If that isn't a red flag I don't know what is. As I stated much earlier in this thread there should just be a sticky for the established restorers who are not afraid to post examples of their work.Restoring a bicycle correctly can take as many hours researching as actually working on the bike. V/r Shawn


----------



## Nickinator (Jun 16, 2014)

Shawn, I wish you were a moderator/admin  You could take care of nonsense like this.

Darcie


----------



## Freqman1 (Jun 16, 2014)

Nickinator said:


> Shawn, I wish you were a moderator/admin  You could take care of nonsense like this.
> 
> Darcie




Thanks Darcie but the mods here have a thankless job and do a pretty good job of policing stuff up. This is one of those that takes care of itself. I can't see much business being generated if you fail to respond to requests or provide examples (bicycles) of your work. V/r Shawn


----------



## wspeid (Jun 16, 2014)

I've always said there are 4 kinds of people to do business with...
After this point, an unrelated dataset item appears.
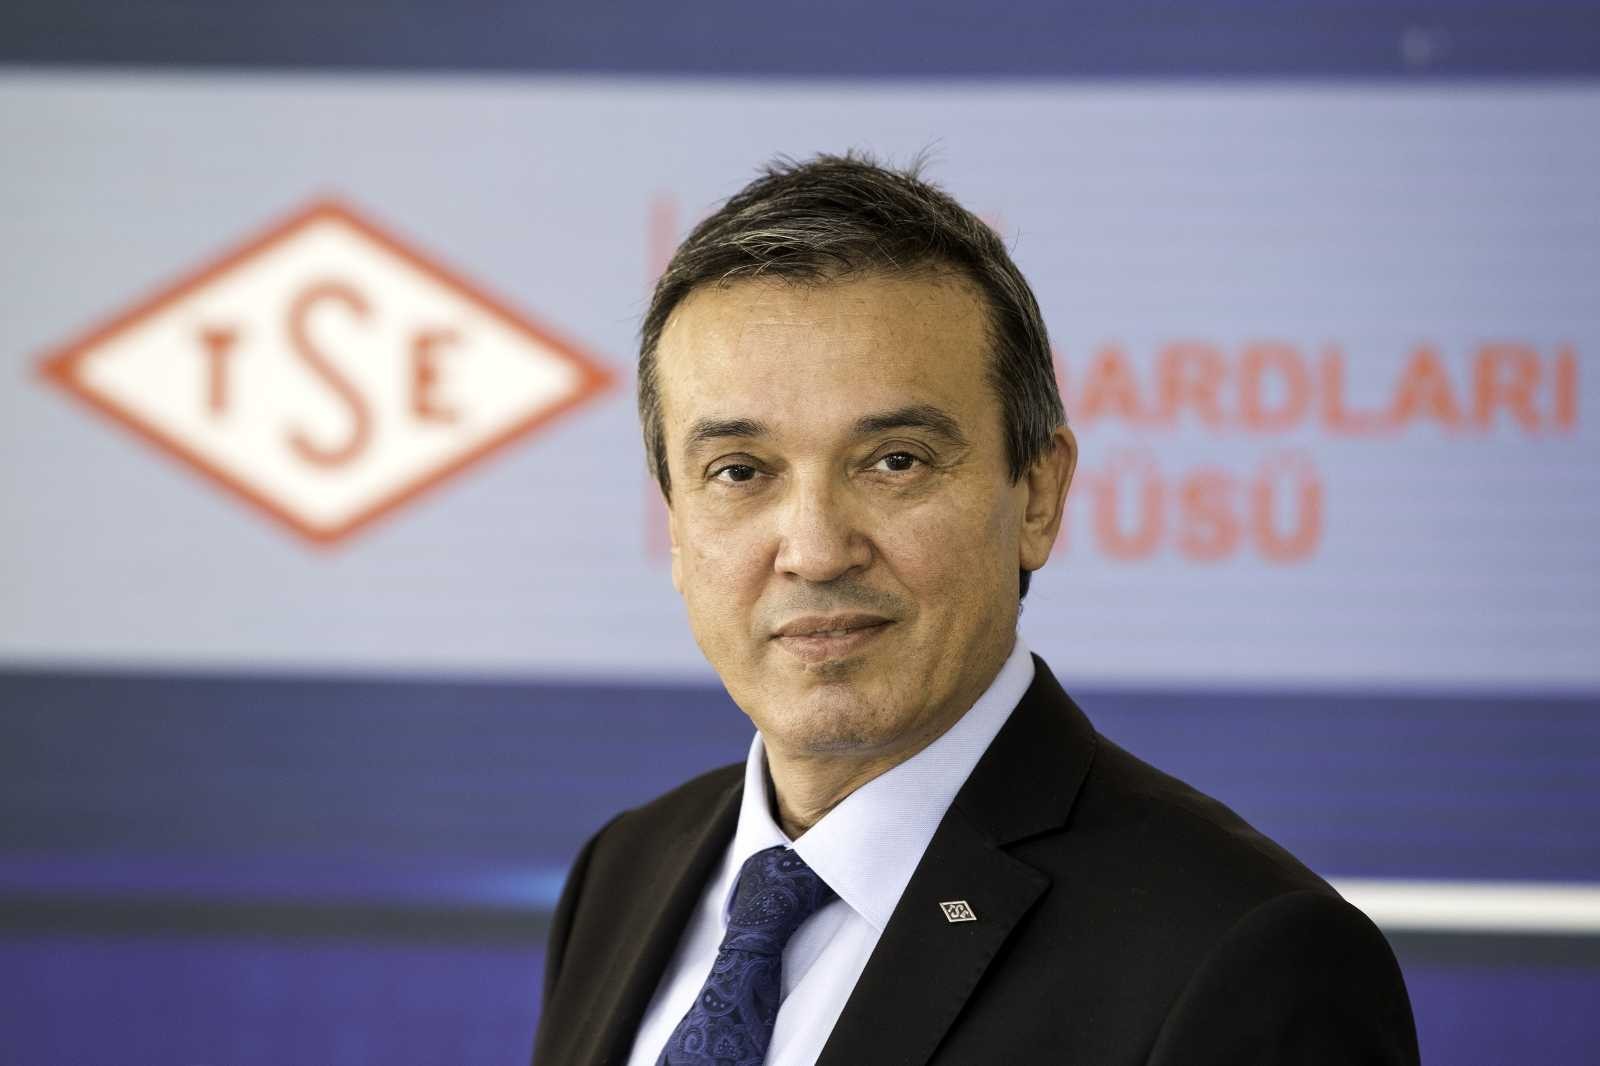 TSE Başkanı Prof. Dr. Şahin, ISO Konsey üyeliğine seçildi

- people known to do great work and be great to work with
- people known to do great work but who are miserable to deal with
- people whose work isn't proven to be the greatest but they're super nice and will go the extra mile for you.
- people whose work isn't proven and who are miserable to deal with

I avoid category 4 at all cost, especially if it means sending them a possession I value.


----------